A common challenge of cybercrime investigations is the need to conduct forensic analysis on a computer before it is powered down and restarted. Live evidence, such as some active system processes and network data, is volatile and may be lost while a computer is turning off. This evidence may contain information that could assist in the investigation and prosecution of a crime. With COFEE, a front-line officer doesn’t have to be a computer expert to capture this volatile information before turning off the computer on the scene for later analysis. An officer with minimal computer experience can be tutored to use a pre-configured COFEE device in less than 10 minutes. This enables him or her to take advantage of common digital forensics tools the experts use to gather important volatile evidence while doing little more than simply inserting a USB device into the computer.
The agreement with NW3C, a nonprofit membership organization dedicated to supporting law enforcement agencies in the prevention, investigation and prosecution of economic and high-tech crime, is the latest example of Microsoft’s ongoing commitment to building partnerships that help create a safer, more trusted Internet experience for everyone, not just Microsoft customers. The announcement comes as law enforcement, industry, academic and government cybercrime experts around the world meet in Redmond at the Digital Crimes Consortium. This consortium will provide a mechanism for information sharing, tools development and community building to help industry, government, academia and law enforcement agencies better address the complexity of the evolving threat landscape.
“Criminals are working in a new digital age, and it is essential that law enforcement agencies have the latest tools and technology to help them fight the cyberthreats facing the global community,” said Tim Cranton, associate general counsel of Worldwide Internet Safety Enforcement Programs at Microsoft. “Microsoft is proud to be working with NW3C and INTERPOL to make COFEE more broadly available to law enforcement agencies and to host the Digital Crimes Consortium bringing industry, government, academic and law enforcement cybercrime experts from around the world together to build a long-term coordinated effort in the fight against digital crime.
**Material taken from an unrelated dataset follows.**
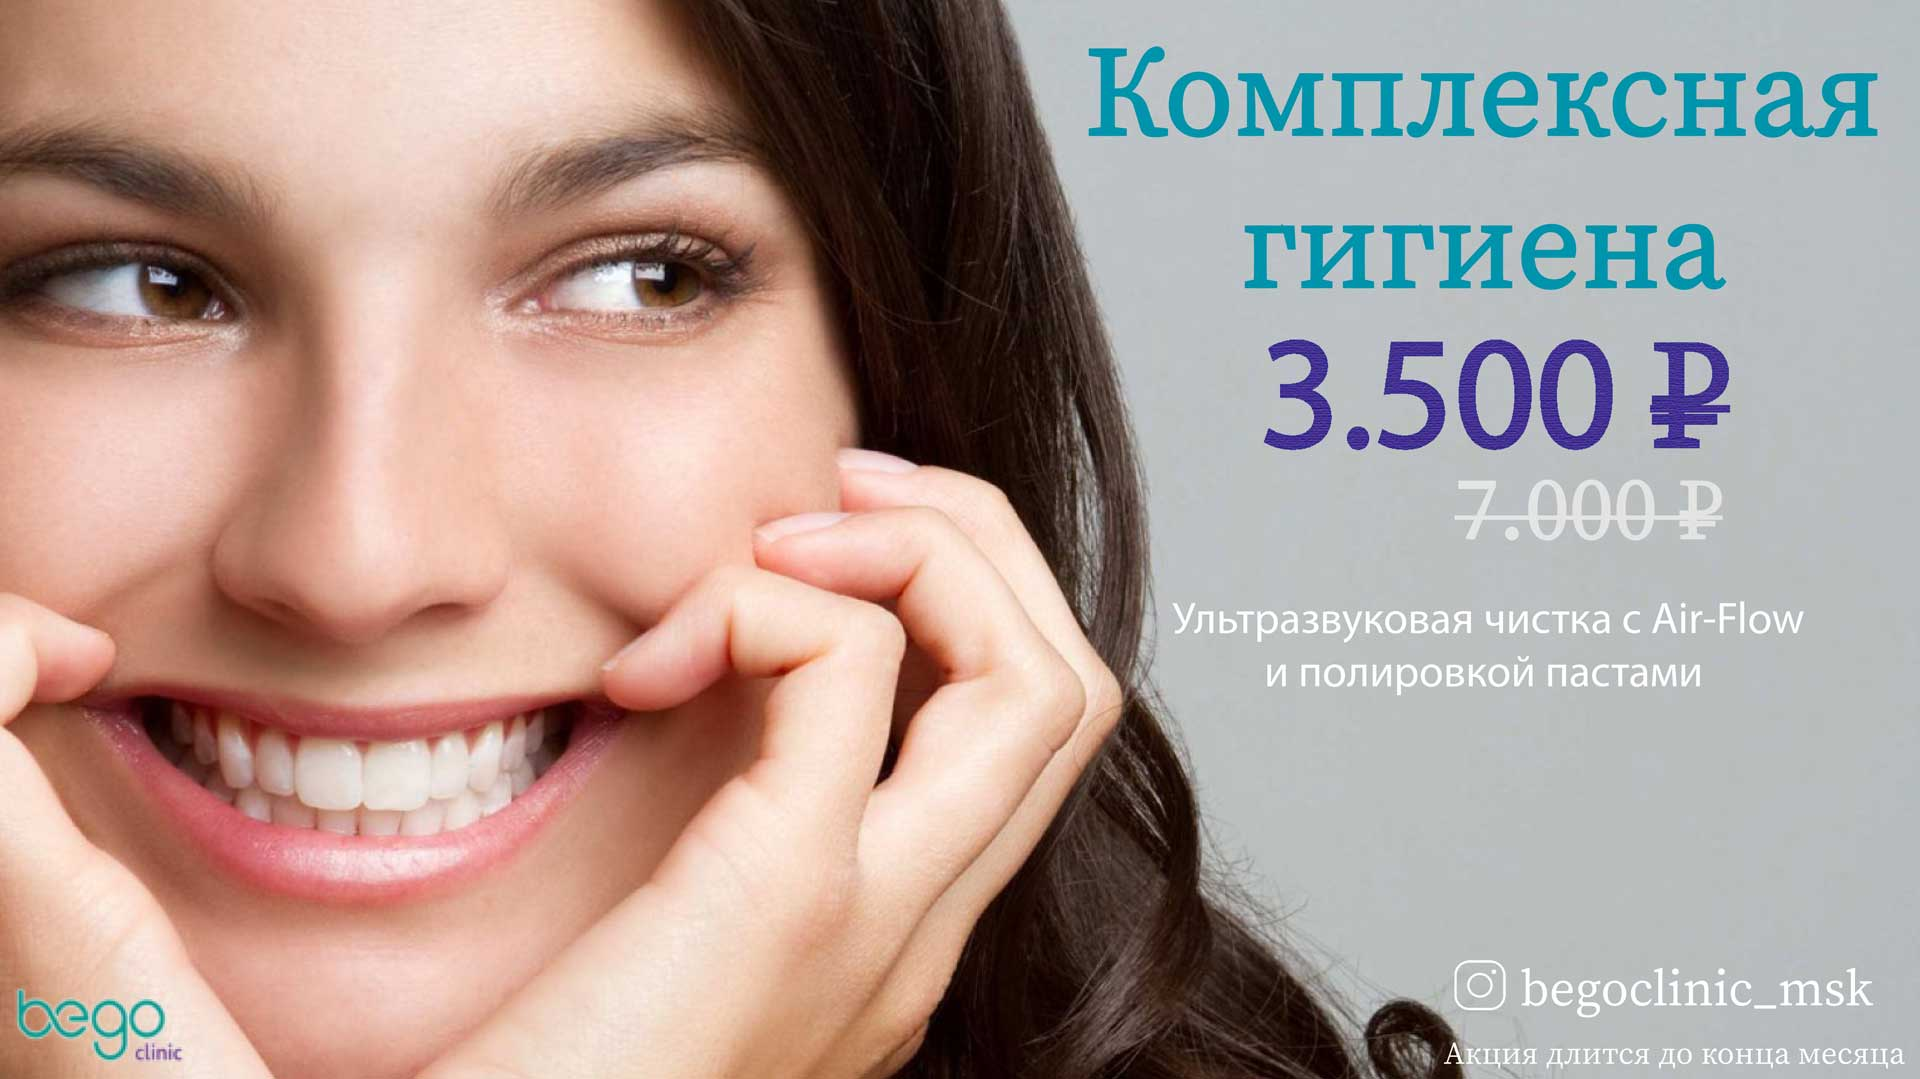 Комплексная гигиена за 3500 рублей

By working together, we can be most effective in making the Internet safer for everyone.”
Working with INTERPOL, the Florida State University and University College Dublin, NW3C will also continue the research and development that will ensure that COFEE serves the needs of law enforcement agencies as technology evolves.
“Florida State University’s E-Crime Investigative Technologies Laboratory has extensive expertise in software tools and systems to support law enforcement, and we were pleased to assist the National White Collar Crime Center in evaluating COFEE for its continued use and development,” said computer science professor Sudhir Aggarwal, director of the ECIT Lab. “We look forward to future collaborations in the effort to win the fight against cybercrime.”
“COFEE is a very valuable tool in the arsenal of law enforcement agencies to fight cybercrime,” said Professor Joe Carthy of University College Dublin’s (UCD) Centre for Cyber Crime Investigations, which is partnering with Microsoft and INTERPOL to develop training programs to enable law enforcement officers to use COFEE. “It will help to establish a recognized international standard in digital forensics and cybercrime investigations. It will also assist law enforcement agencies to develop internal the expertise which they require in dealing with cybercrime investigations.”